Three Christs begins by listing four barbarous techniques used on psychiatric patients in the 1950s and then introduces its protagonist, who has a battered face and is preparing for a disciplinary hearing. This introduction appears to forecast a rough series of flashbacks for both the viewers and Dr. Alan Stone (Richard Gere). Ultimately, though, the movie goes too easy on us and him.
In 1959, Michigan's state mental hospitals did actually hold three men who believed themselves to be Jesus. Social psychologist Milton Rokeach decided to treat them together, and later wrote a book, The Three Christs of Ypsilanti. Rokeach is the basis for the fictionalized Stone, and his book inspired the movie's glib and often clunky screenplay, written by Eric Nazarian and director Jon Avnet.
Three Christs benefits from a seasoned cast. Peter Dinklage, Walton Goggins, and Bradley Whitford clearly relish the acting exercise of impersonating paranoid schizophrenics.
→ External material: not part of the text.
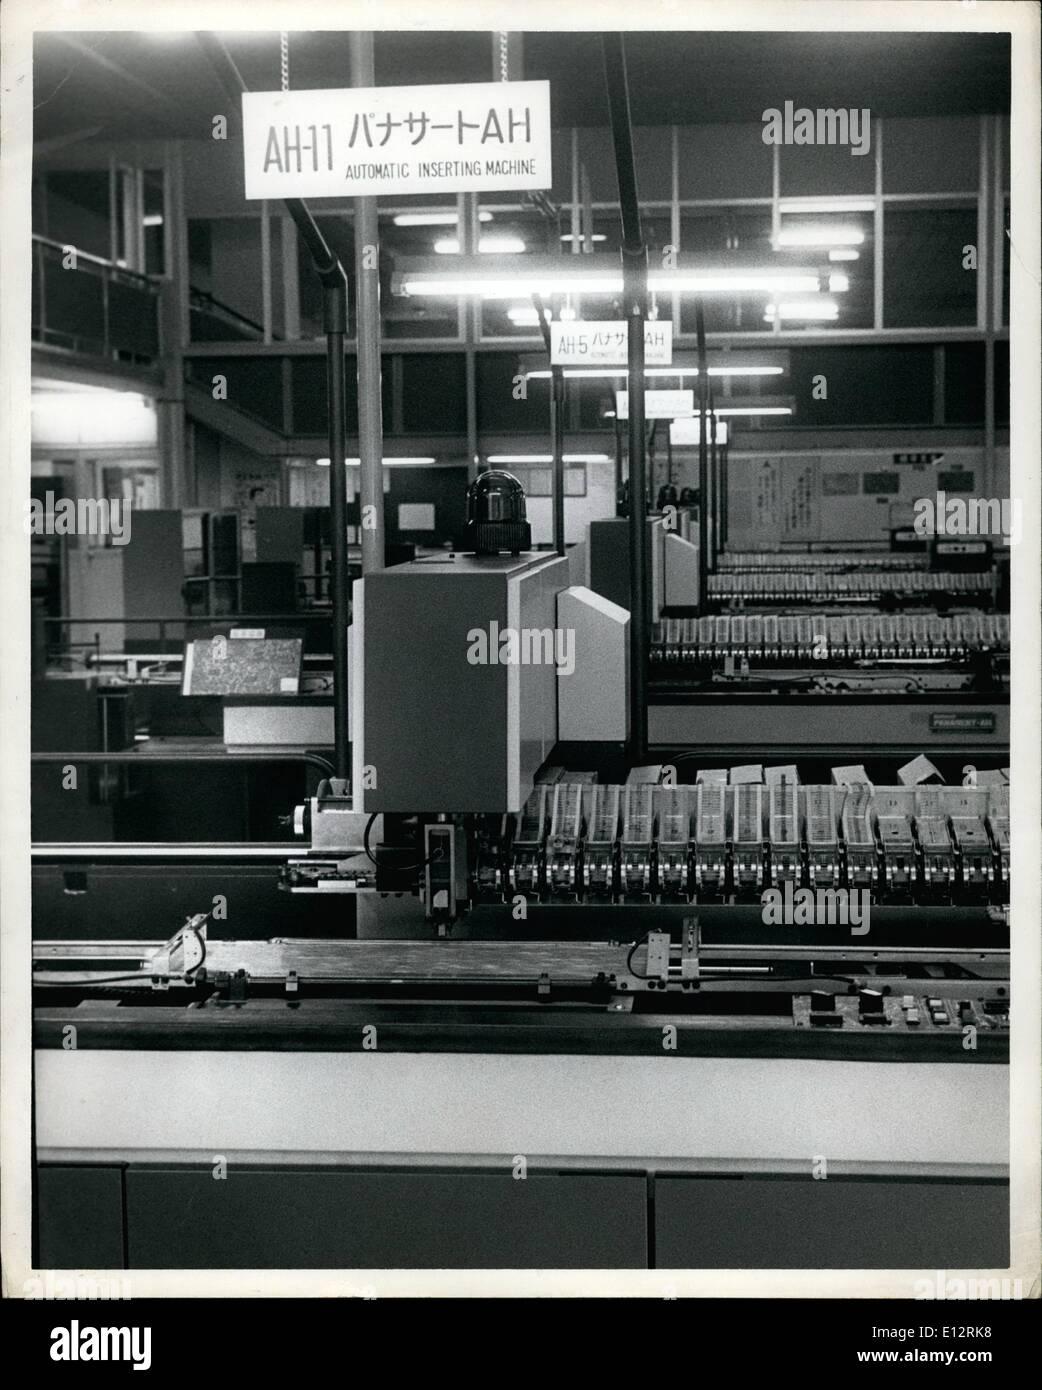 Feb. 25, 2012 - Making printed circuits. - Stock Image

Charlotte Hope is also compelling as Becky, the recent psychology graduate who signs on as Stone's research assistant and stirs the erotic impulses of all three patients (and maybe her new boss, too).
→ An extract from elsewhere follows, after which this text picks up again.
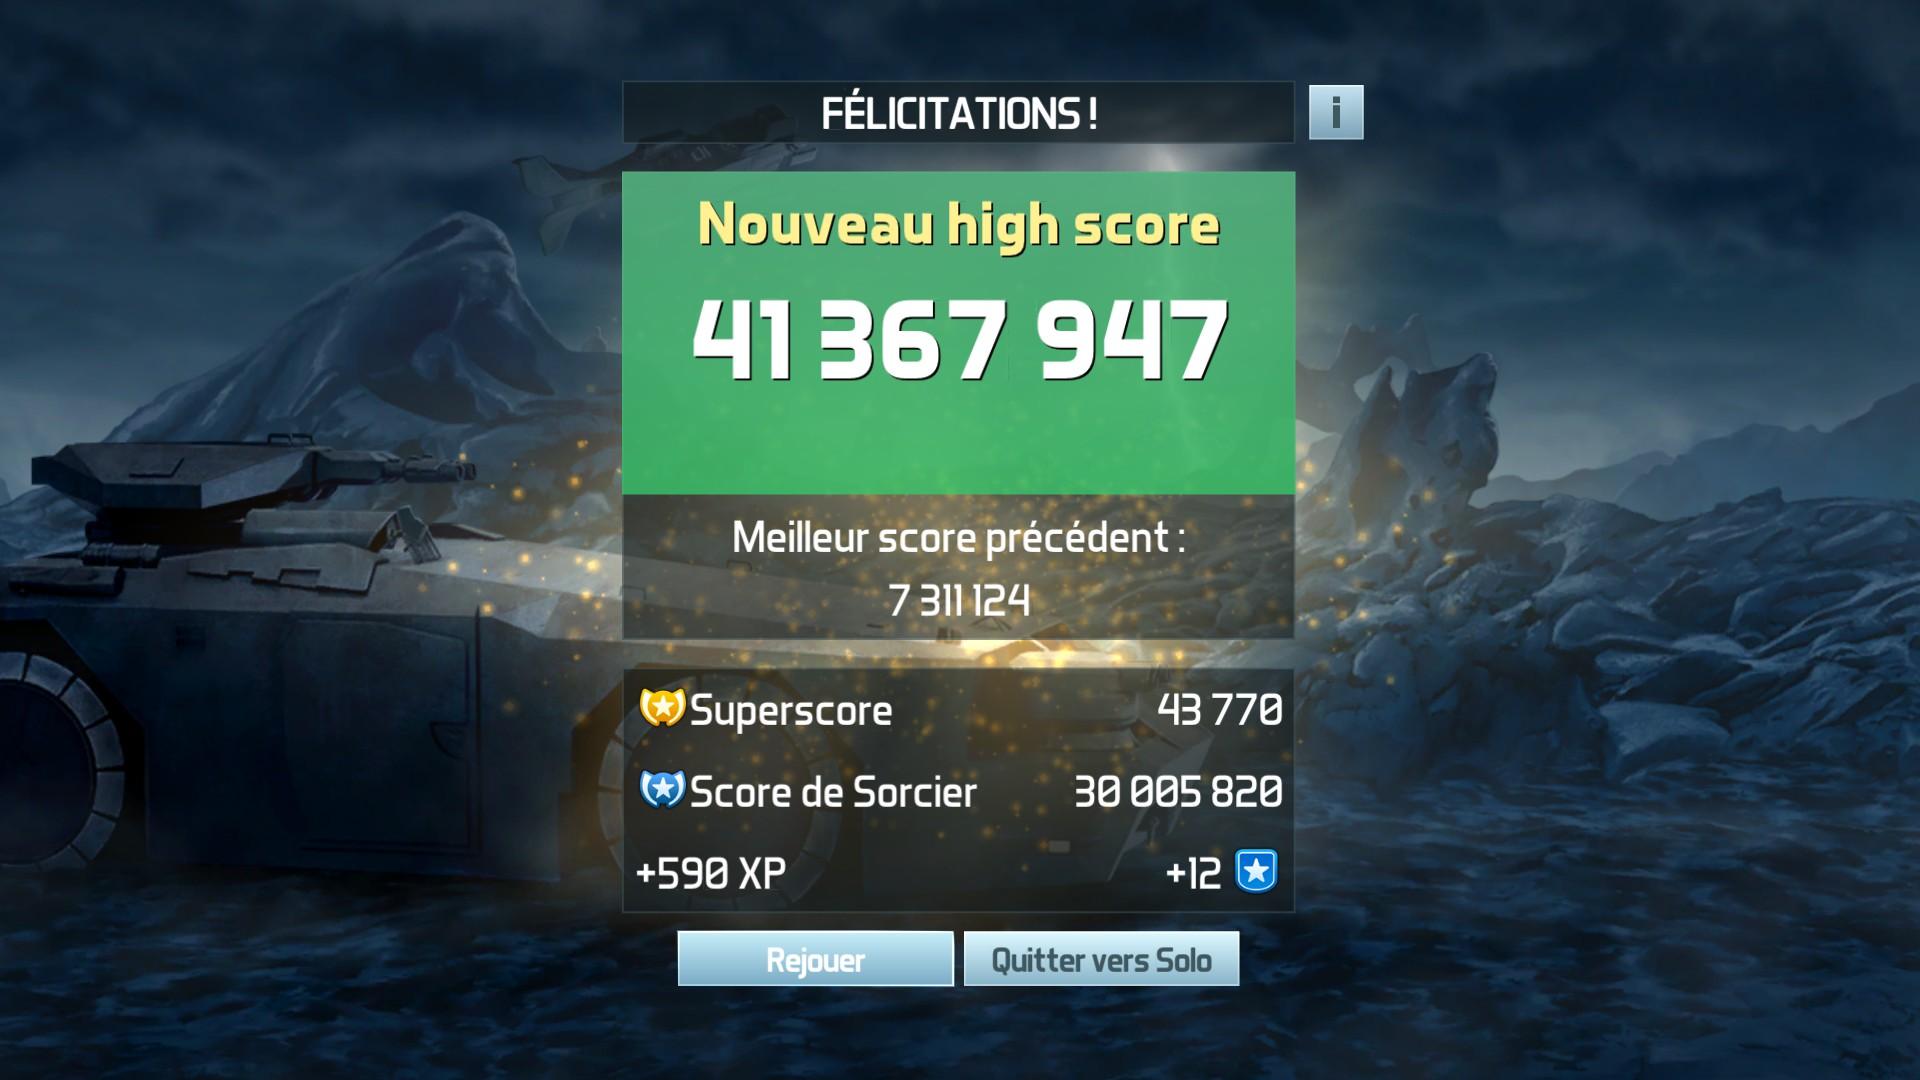 Mantalow: Pinball FX3: Aliens Pinball (PC) 41,367,947 points on 2018-01-17 01:13:49

Yet Gere doesn't relinquish his usual persona as Stone, who's portrayed as smart, benevolent, and movie-star suave. And Julianna Margulies can't do much with the underwritten role of Stone's wife Ruth, a chemistry professor who can joke that she's smarter than her husband, but is soon shown not to be wiser. As the administrators who alternately enable and undermine Stone, Kevin Pollak, Stephen Root, and Jane Alexander prove solid but unsurprising.
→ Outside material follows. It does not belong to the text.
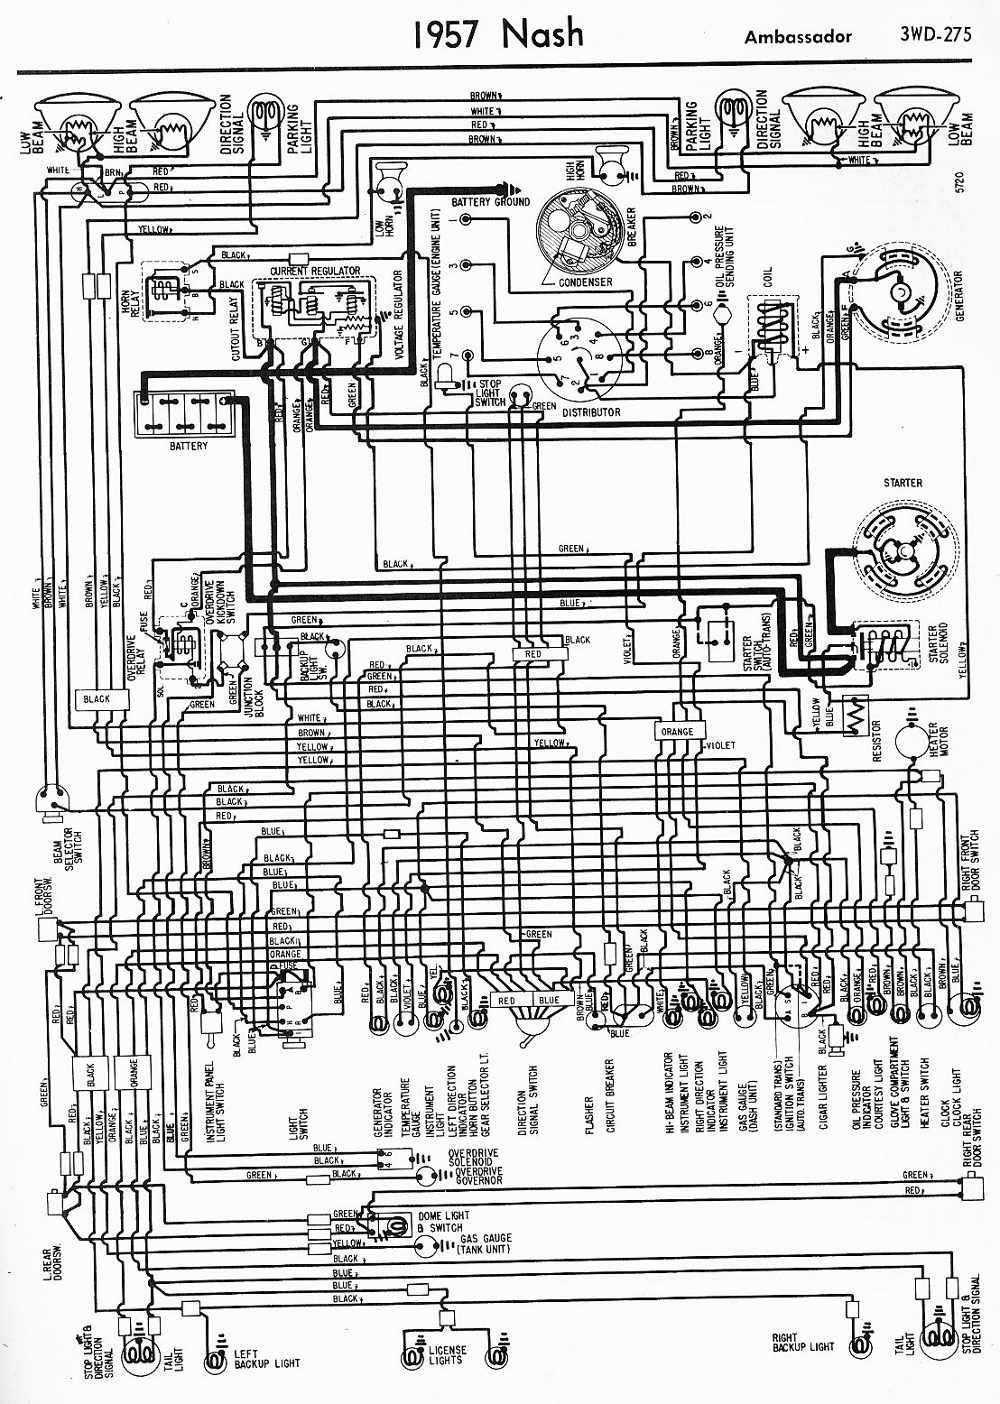 1951 oldsmobile wiring diagram nash - car manuals, wiring diagrams pdf & fault codes 1951 ford wiring diagram

Stone opposes electroshocks, lobotomies, induced comas, and harsh anti-psychotic drugs, which audiences in 2020 likely join him in abhorring. That doesn't mean his alternative is persuasive. Talk therapy may not be enough to banish the delusions of Joseph (Dinklage), an opera buff who imagines himself a posh Briton; Clyde (Whitford), whose musical taste is for advertising jingles and who showers endlessly to banish an imagined stench; and Leon (Goggins), who suffers PTSD and mommy issues and makes the crudest overtures to Becky.
Inviting three Jesuses to the same session doesn't spark much psychological conflict or theological insight. Indeed, the self-proclaimed messiahs seem less bothered by each other's claims to divinity than by Stone's atheism, whose cause can be easily guessed. It's eventually spelled out, as is Stone's status as the parable's fourth saviour, a man who seeks to heal everyone around him. (He doesn't even have to visit an asylum to find people who need his touch: Both Ruth and Becky are candidates for deliverance.)
Avnet, whose best-known movie is the semi-comic Fried Green Tomatoes, lightens the mood with a few whimsical moments. The Chock Full o'Nuts Coffee jingle becomes an organ-driven hymn, and one of the Jesuses jokes that, "I thought I met the devil. He was an orderly in Kalamazoo." For such moments to work, though, spectators must accept a central conceit of most Hollywood movies about the mentally ill: that they can be become lucid whenever the script requires it.
Stone finally decides that his approach was wrong, and sometimes unethical. Yet the filmmakers strive to place most of the blame elsewhere. Stone's miscalculations don't do much conspicuous damage, and the story's major disaster is pinned on someone else. Stone may not be any more of a Jesus than are his three patients, but Three Christs can't conceive of its silver-haired star as anything less than a saint.